Triumph and Tragedy 1106-1135
Triumph.
The Battle of Tinchbrai!
Henry wins the day!
Henry had bribed neighbouring princes to take his side and the tactic certainly paid off. It appears that the forces from Maine made a substantial contribution to his victory at Tinchbrai. Robert, the hero of Ascalon and who had been present at the capture of Jerusalem had fought his last battle. The eldest son of the Conqueror was captured and immediately imprisoned by kid brother Henry. Robert would remain incarcerated in Wales until his death in 1134. Robert had always been known for his energy and captivity did little to extinguish it. The former Duke, upbeat as always spent his comfortable, lengthy confinement learning Welsh and composing poetry. Robert was at least eighty when he died, an incredible feat at a time when most people died before the age of forty.
Henry had won a magnificent victory, he was now his father’s equal as Duke of Normandy and King of England.
Modern day Tinchbrai.
Robert Curthose’s tomb in Gloucester Cathedral.
GetIn his lifetime, Henry was known as the ‘Lion of Justice’. Royal justices were sent out into the shires to ensure that justice was being done in the shire courts. Those found guilty were treated very harshly indeed.
Tragedy.
Henry’s son, William the Atheling.
Although he had many illegitimate children, Henry had but one legitimate son who could succeed him. This was William, who from an early age had accompanied his father on his campaigns in France against the king of France. Contemporary chroniclers comment on William’s generosity and sweetness of nature and this is borne out by an incident in France.
Robert Curthose’s son, William Cilito was fighting against Henry on the side of the king of France in order to take back his father’s duchy. During the battle, Henry’s son, William Adelin lost his horse along with its valuable equipment. In a most chivalrous gesture William Cilito returned his cousin’s horse to him the very next day.
A figure that may have been Curthose’s son, William Cilito but a shortage of leg length is not in evidence.
Henry’s later years were troubling ones. Matilda had died in 1118 and in 1120 he received a blow from which he never really recovered.

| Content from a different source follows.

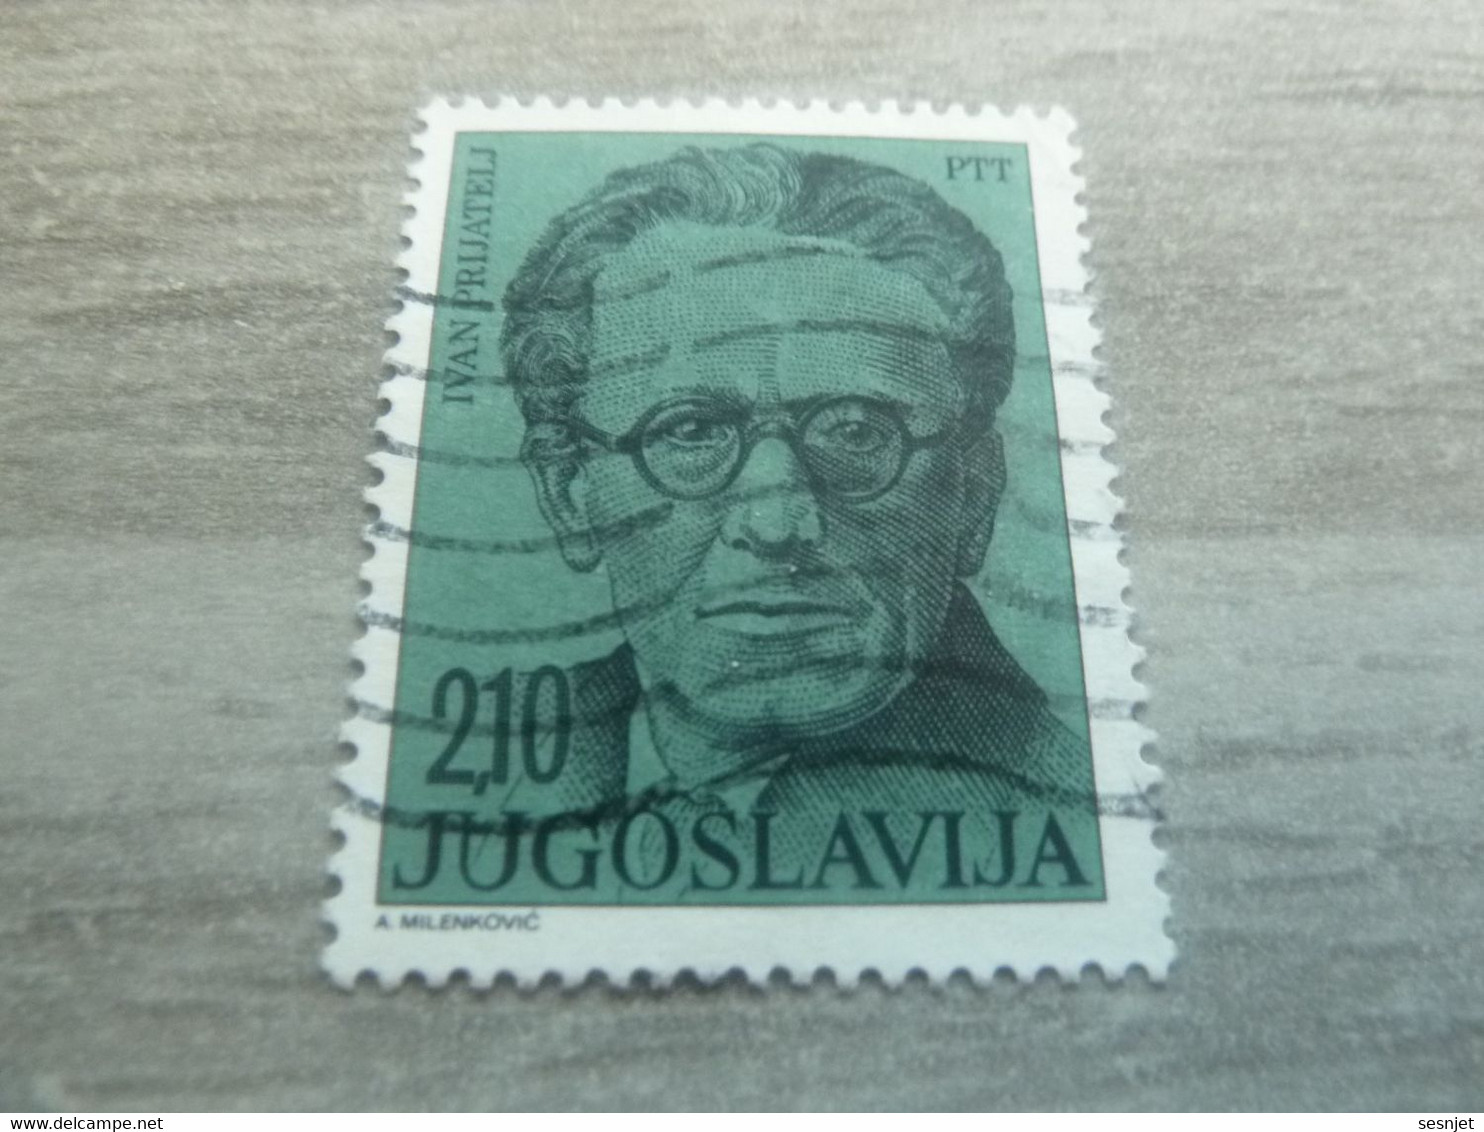 Ptt - Jugoslavija - Ivan Prijatelj - Val 2.10 - Bleu-vert - Oblitéré - - Oblitérés

It is a terrible shame that you took that trip
aboard the king’s swift White Ship
On November 25th 1120, William with a number of family members boarded the the King’s vessel, at Berfleur for the journey back to England. The crew had been drinking and the ship crashed into a rock in the bay and began to sink. William managed to climb aboard a small boat but when he heard his half-sister, Matilda Fitzroy, Countess of Perche calling from the ship, he turned the boat back in a valiant attempt to rescue her. However the boat was overturned by the waves and William was drowned.
A medieval illustration of the sinking of the White Ship.
Henry was inconsolable, he had not only lost a son but also his heir. This presented Henry with a crisis of succession, he had to have an heir to the throne. In 1121 he married Adeliza of Louvain who was some 35 years his junior in an attempt to conceive a male child. However the marriage was childless and Henry decided the only option, albeit a tricky one, was for him to appoint his daughter the recently widowed Matilda as his heir.
The king knew only too well that there had never been a Queen of England but resourceful and resolute as ever, Henry decided to try what he must have known was an almost impossible task. At Christmas 1126, the king summoned the leading barons to Westminster and called on them to pay homage to Matilda as his heir to the crown. Of course they gave their assurances that they would be loyal to Matilda but Henry undoubtedly saw the glow of avarice illuminating their smiling visages as they sampled the mulled wine. It could hardly have been a merry Christmas for the ageing monarch.
The King asked for his favourite fish dish!
‘A lamprey eel! A lamprey eel!
my favourite, but by God how ill it made me feel!’.
A lamprey is a type of eel.
Henry I died of food poisoning on December 1st 1135 and is buried in Reading Abbey. The political career of Henry, given the context of his place in the hereditary line was an undoubted success. This of course was due to a combination of both good fortune and his own astute calculation. However his death at a fairly ripe old age could hardly have been a happy one. A king was expected to leave a male heir and he left but a daughter, Matilda. An immensely shrewd man he undoubtedly foresaw the dreadful chaos that would befall England once he was dead and despite his most earnest efforts to prevent the calamity, it did.
T
Such, such were the joys!
Henry was the last of King Billy’s boys!